I'd double check the RD alignment. If there is contact, it would be at the very top of the cage, correct?


----------



## bikesarethenewblack (Dec 30, 2008)

C-40 said:


> I've read of a similar problem on another website. I don't have a carbone, but I have a 28H Powertap 2.4 wireless hub running Campy 11, with the spoke heads laced with the more common alternating heads. I used no spacer and I've got 4-5mm of clearance.
> 
> I'd double check the RD alignment. If there is contact, it would be at the very top of the cage, correct?


So two updates on this:

One - I called a shop in DC that does a lot of campy. The mechanic I knew said he sees Mavic Cosmic SL wheels needing a spacer for 11 speed. He said it was a known issue. Then I said I had the powertap and he said he hasn't worked with one yet, but wanted to check mine. So . . . . . 

Two - Mavic then called back my local LBS (we had called them on the heads being out) and they said "it's not compatible with 11 speed." They did this with a little uncertainty in their voice, but, it's what they said.

If this is really not compatible, then this is really too bad. How could I be the first guy in the world to find this. Anyway, looks like it's not going to work. I'm willing to try spacers, but I would rather not adjust my derailleur every time I switch wheels.


----------



## C-40 (Feb 4, 2004)

*more...*

The only difference with 11 speed is the largest cog being about 1mm further to the left. If a 10 speed cassette works, but an 11 speed doesn't, you had an extremely small amount of clearance to start with. As I noted, my powertap hub provides 4-5mm of clearance.

You're not the first to have this problem.

http://weightweenies.starbike.com/forum/viewtopic.php?t=54989&highlight=carbone

http://weightweenies.starbike.com/forum/viewtopic.php?t=55888&highlight=carbone


----------



## rocco (Apr 30, 2005)

bikesarethenewblack said:


> So two updates on this:
> 
> One - I called a shop in DC that does a lot of campy. The mechanic I knew said he sees Mavic Cosmic SL wheels needing a spacer for 11 speed. He said it was a known issue. Then I said I had the powertap and he said he hasn't worked with one yet, but wanted to check mine. So . . . . .
> 
> ...



That would be disappointing if true... BTW, are you positive that your rear derailleur hanger is perfectly aligned?


----------



## dead flag blues (Aug 26, 2004)

White Industries hubs have a similar problem with 11 speed. WI are redesigning hubs to be compatible.


----------



## bikesarethenewblack (Dec 30, 2008)

rocco said:


> That would be disappointing if true... BTW, are you positive that your rear derailleur hanger is perfectly aligned?


I'm going to try to use a tool to ensure it's straight, but, yea, I am dang sure it is straight. C-40 found a guy on another thread who had issues with the same setup with 10 speed. This one looks like it's not going to happen.

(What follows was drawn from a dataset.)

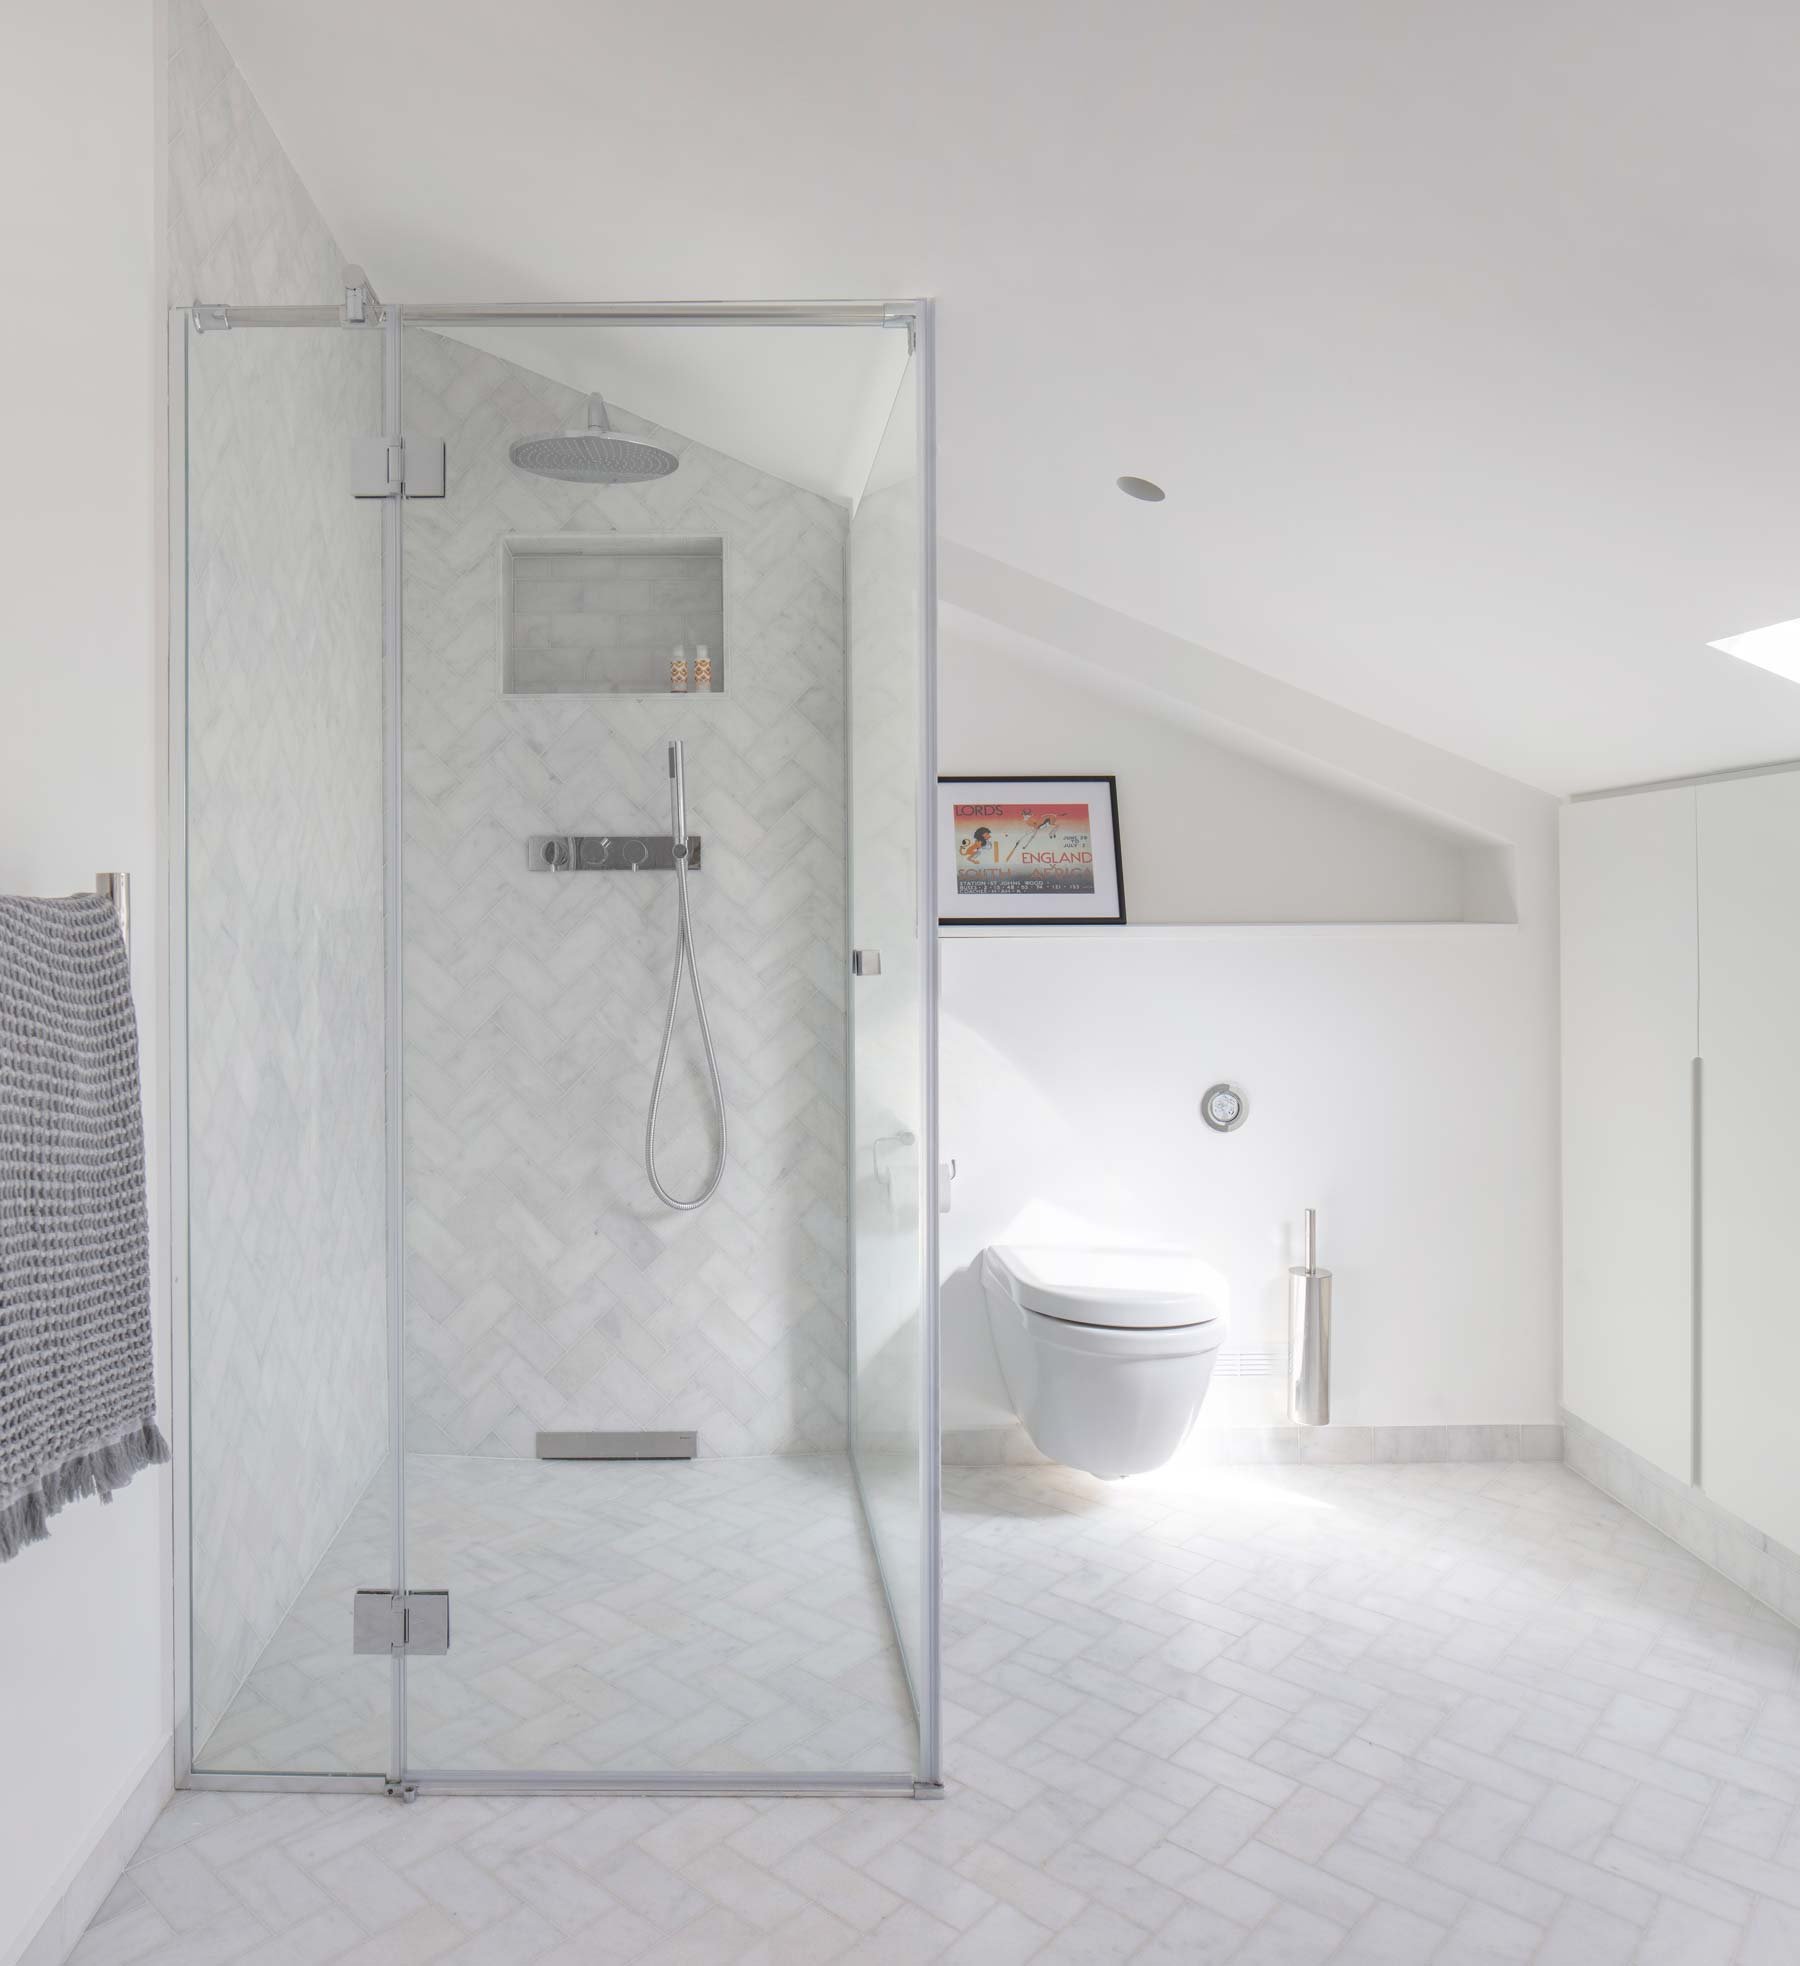 Herringbone wall and floor tiles inb this loft conversion extension shower room in SW12, Wandsworth

It's all really too bad, I wanted those wheels and was all ready to spin in up and go . . .


----------



## bikesarethenewblack (Dec 30, 2008)

*Follow Up*

So after a lot of thinking it just seemed the wheels were not going to work or, if they did, it would be a pain that I'd rather not deal with.

I ended up selling them to some CAT 5 guy for what I paid. This dude just got the deal of the century. 

Anyway, I still like Mavic and like their MP3 program and want a wheel I can train on and race on and I'm going Cosmic SLR. I wont have power, but so be it. The LBS has that wheel and they are being cool enough to switch out the freehub and then let me ride on my 11 speed to ensure it works. If all passes, that's the wheel I'm going with.

Will keep you posted, but as of now, Mavic has said the SL with powertap is not compatible with 11 speed.


----------